I’ve been writing bits and bobs here and there, but I’ve decided to try something different. I’ll start publishing writing pieces, guides, and other content here on my own site. In the past, I’ve generally written through LinkedIn or similar platforms, but doing it this way feels different. It won’t be only another creative outlet but a different experience to understand.

I’ve always exploited or completed engagements where targets were web applications, but I haven’t necessarily maintained one myself. This will provide perspective from the build side and give me an inch-deep understanding of the development lifecycle for web-hosted applications. Even if my site contains only static pages and images, I believe it will provide valuable insight into the process.

Key Outcomes and Concepts

I’ve decided to note some key outcomes and concepts I hope to understand better as I journey through this.

Live Telemetry

A big one I’m excited about is generating raw telemetry to ingest into a data aggregator, or even visualizing it through Cloudflare’s free analysis tools for site engagement. It’ll provide insight into bot traffic, crawlers, scanners, and more. I’ll probably enable some “safe” level of scraping and scanning just to see what it looks like, if there is such a thing as a safe level. But hey, that’s part of the learning experience.

Cloudflare CDN and Services

Cloudflare is a service I’m highly impressed with, and I feel I’ve barely scratched the surface. The company offers so many accessible features, scaling from individual developers to full enterprise solutions. I’m excited to explore what they offer and how I can leverage their tools.
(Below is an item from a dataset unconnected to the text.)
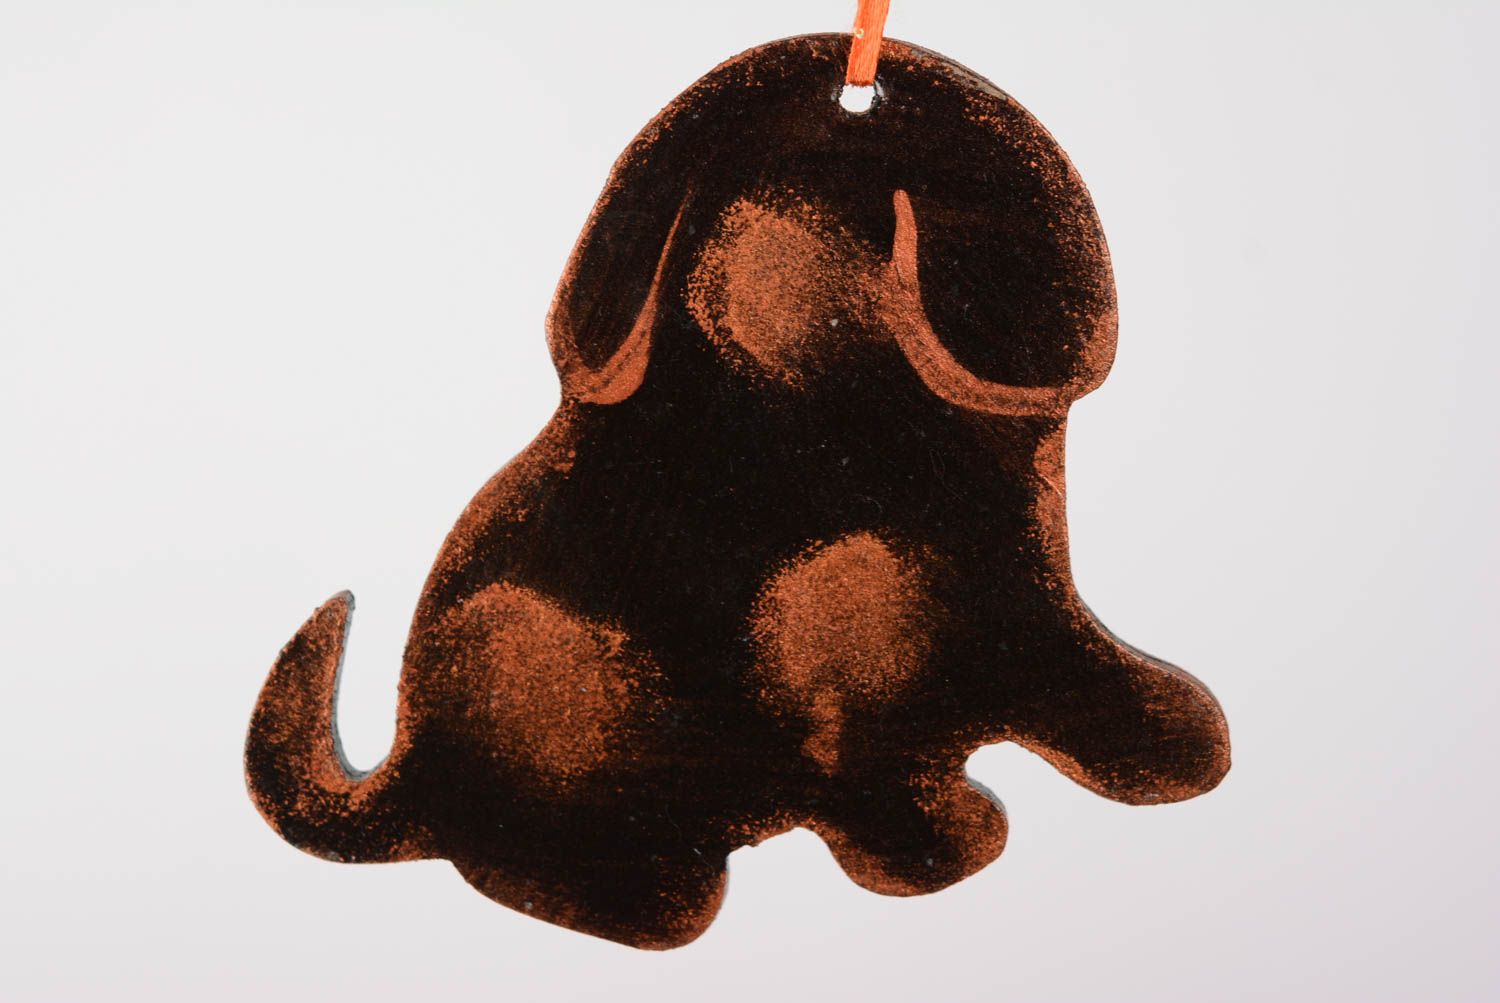 Интерьерная подвеска из ДВП расписанная акриловыми красками в виде шоколадного пса  фото 3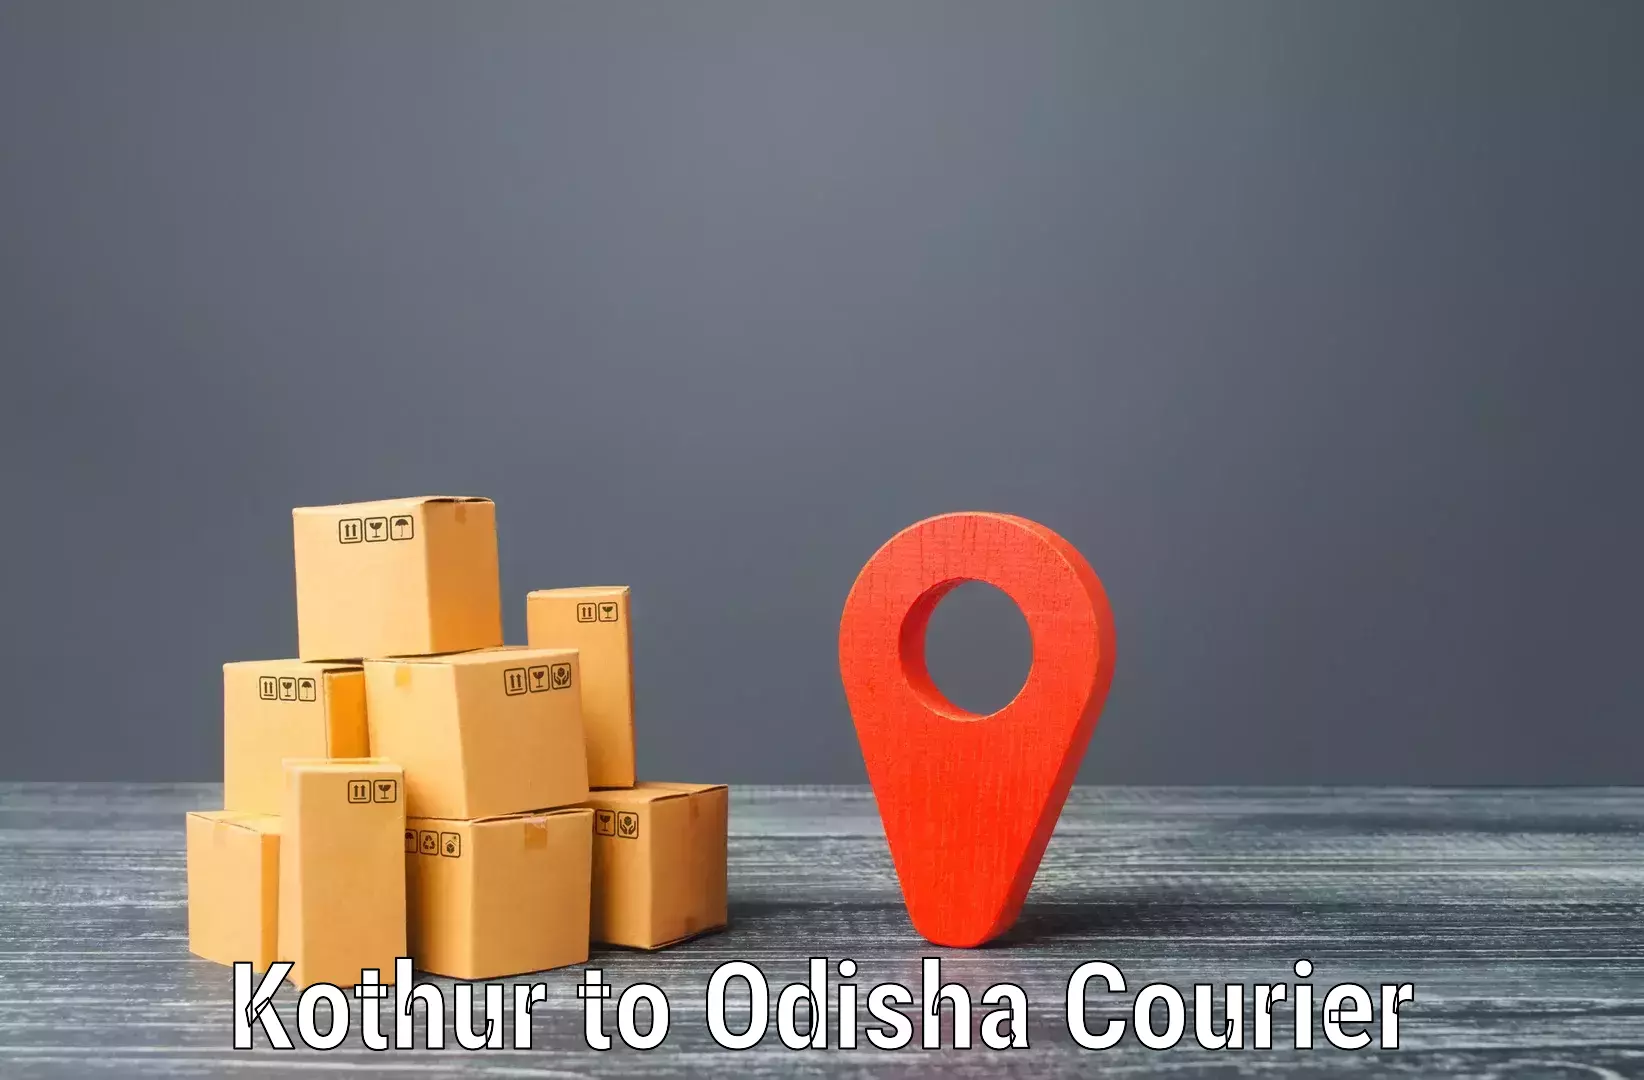 Tailored shipping plans Kothur to Kesinga

Continuous Integration and Continuous Development/Delivery

I’ve been learning a lot about CI/CD over the past six months. Primarily Git, Infrastructure as Code (Terraform), and the Software Development Lifecycle. Using this site as a continuous platform for delivering content and features, I plan to apply this knowledge to benefit my career as a security engineer. Developing detections as code and managing the configuration and deployment of security solutions via infrastructure as code will directly benefit from managing this site.

So long for now

I don’t know how often I’ll write, but I’m aiming for something like once every 2-4 weeks. I’d rather deliver something genuinely interesting once a month than churn out slop once a week. There’s enough of that on the internet already.